I wanted to share two specific experiences with you, which may help illustrate why I feel this way.
The first was an experience I had at university. At one point in time I met a guy who was antithetic to the Incel rhetoric, by which I mean short, overweight, unkept, not conventionally attractive, and had an obnoxious personality. He also wasn’t very confident in himself, having gleaned this over time through conversations I had with him, and I knew very few people who found him likable. Nevertheless, this man had no issues with finding women who were interested in dating or sex – he got matches on the apps, he was talking to several women on social media, he was always meeting new women when out on the town (some of whom approached), and sure enough, he had slept with a handful of them. It would later turn out he was a colossal prick that abused a couple of these women, but that didn’t seem to matter because, despite this knowledge being known, he was still getting some action. Obviously this man was nothing to aspire to, but the complete contrast in what he possessed, and what is typically thought of as “attractive”, was something that always perplexed me. The last I heard, he was getting married.

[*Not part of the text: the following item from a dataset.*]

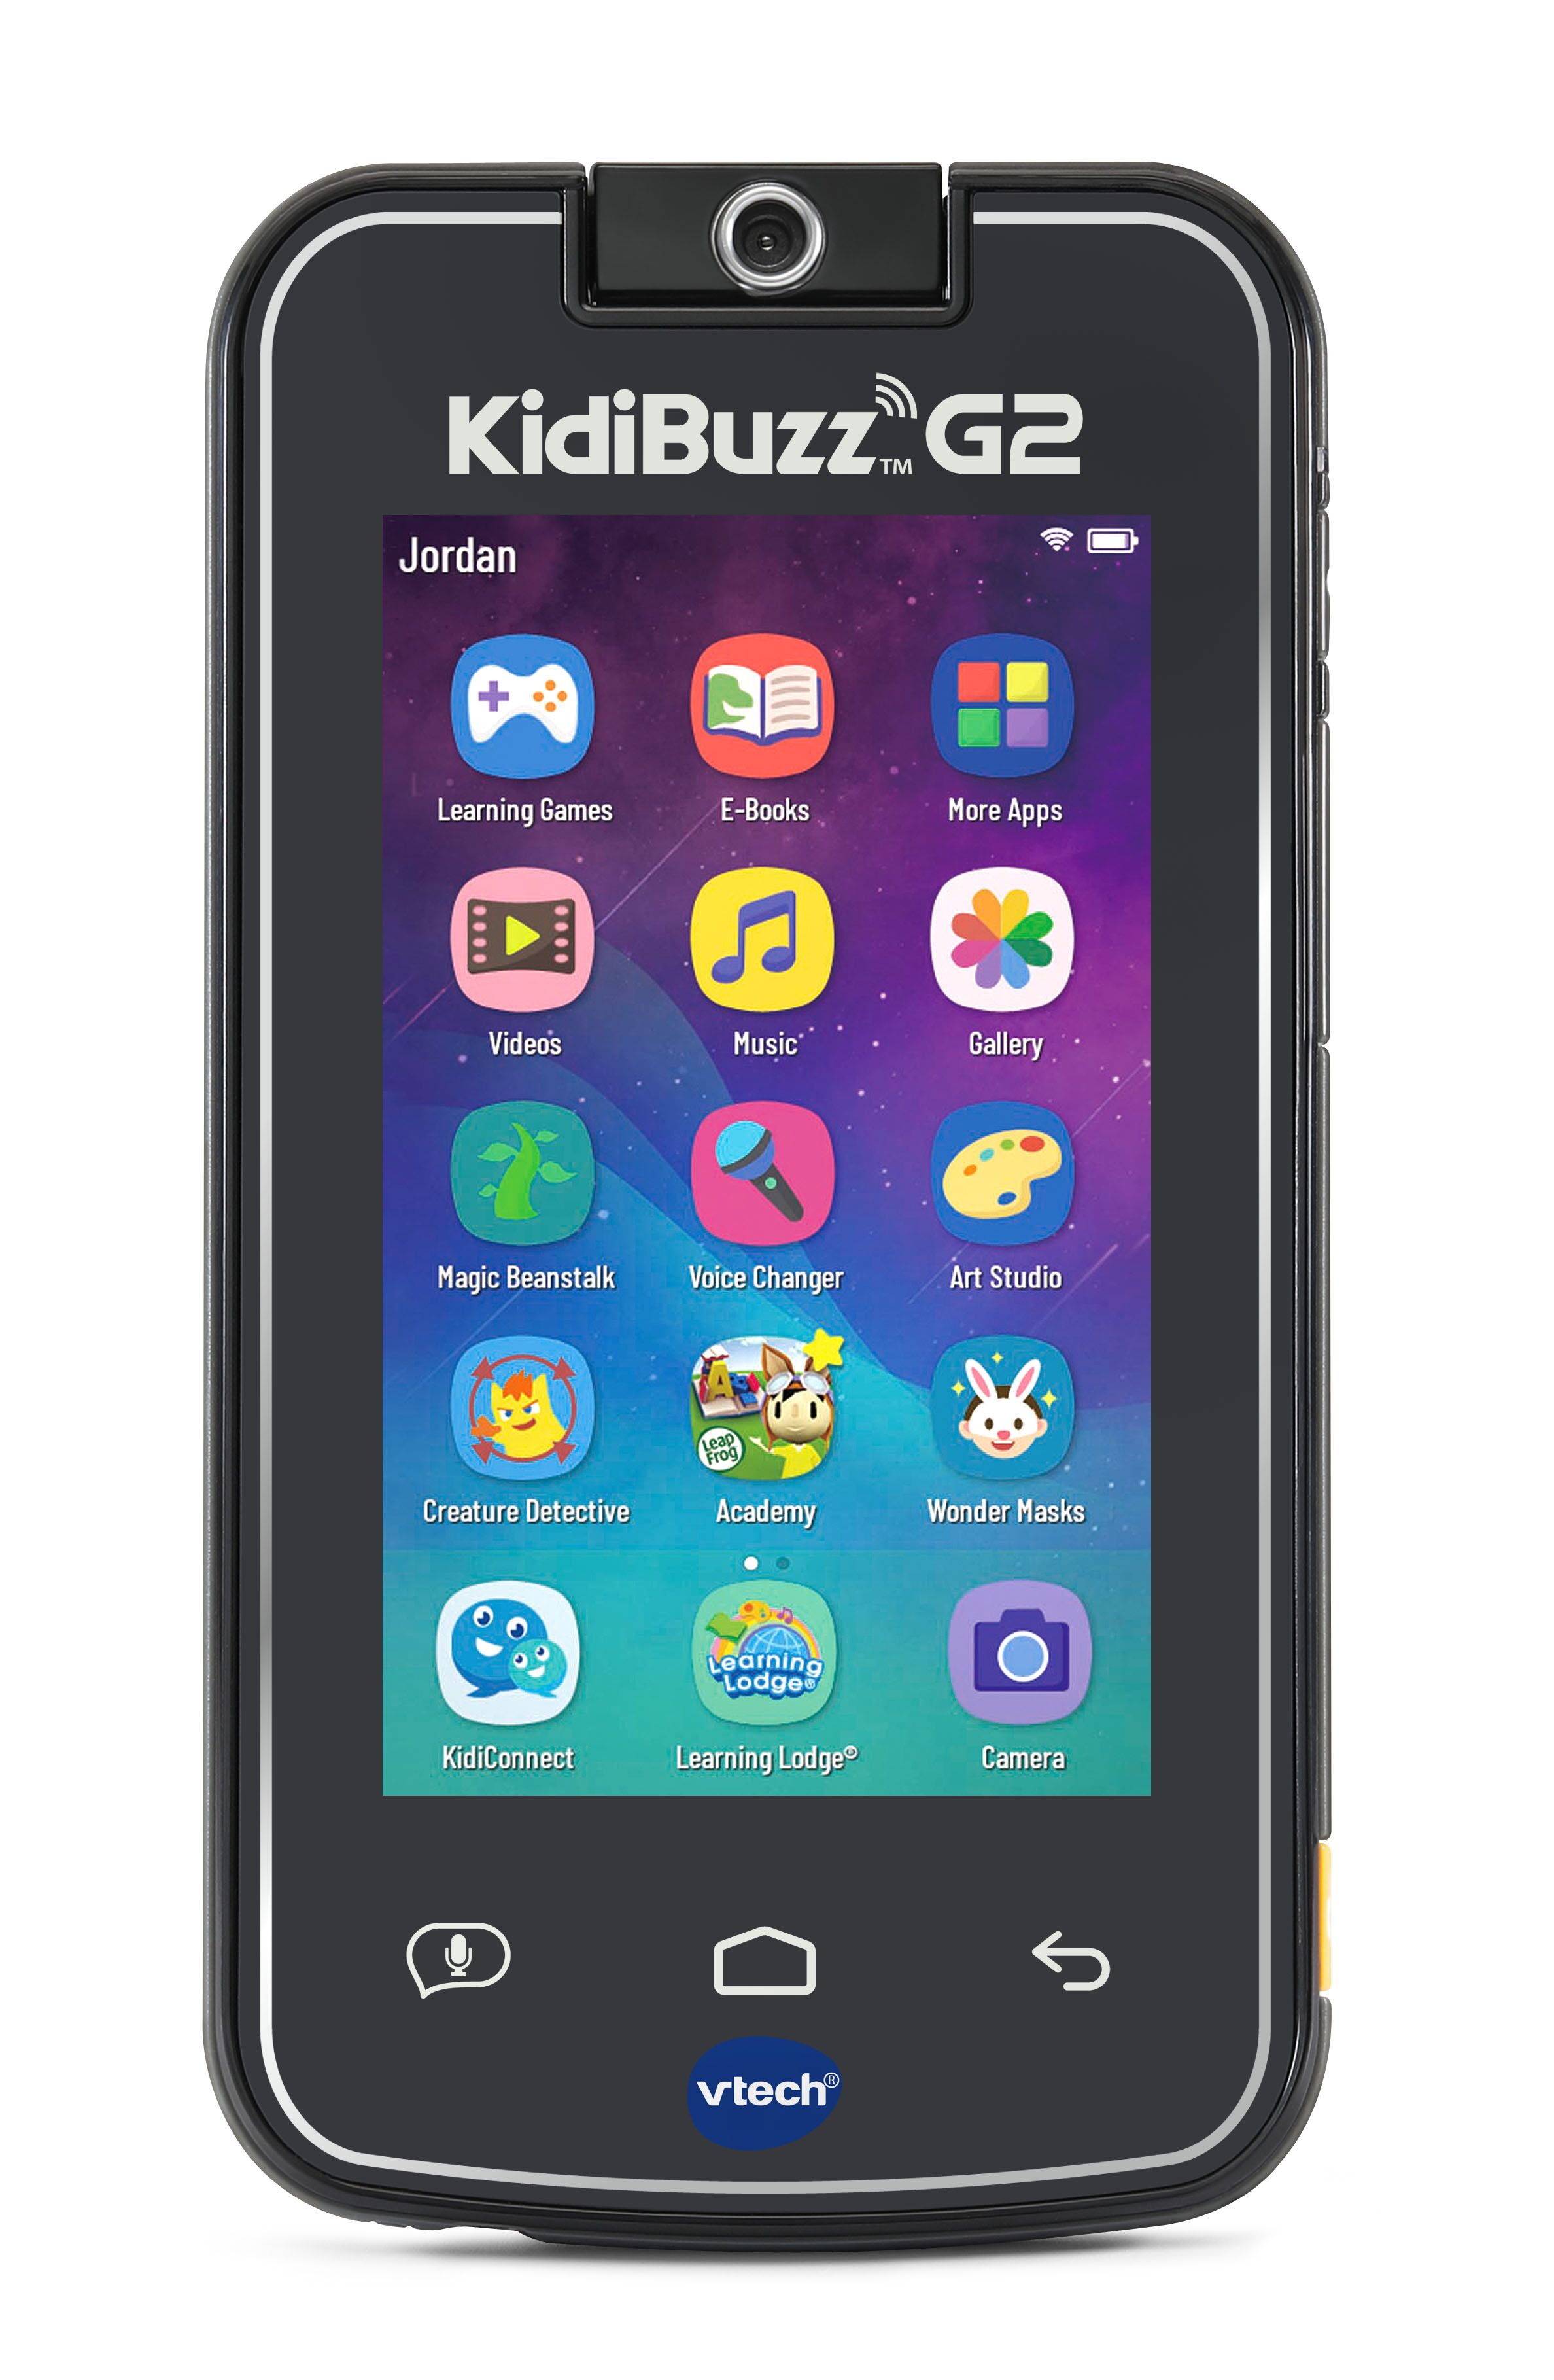 KidiBuzz G2

Ironically, it was around this point in my life that I made substantial improvements to myself and started getting a lot of positive reinforcement from others. I also had no romantic or sexual experiences during this period, nor can I recall a time where a woman may have shown even a hint of interest.
A couple of years later, I had another experience with a friend of mine. We had known each other for a few months and, on this occasion, was on a night out with a group of friends. Early into that evening, a man unknown to any of us entered the bar. He was attractive, but by no means a model, nor did he stand out in any particular way from what I could observe. My friend approached this man within moments and asked for his number. She was rejected, but the enthusiasm and speed in which she took that opportunity left no doubt in my mind that she had a strong interest in that individual. It was almost like what you would see in the movies. The most baffling thing for me, however, was later on in the evening when we slept together. It was not until the moment we were alone in my hotel room that I had any idea she was attracted to me, and even then there had been absolutely no build-up to that moment. We hooked up again a couple of times after that night, but there was still no chemistry or flirting between us. It was very…robotic.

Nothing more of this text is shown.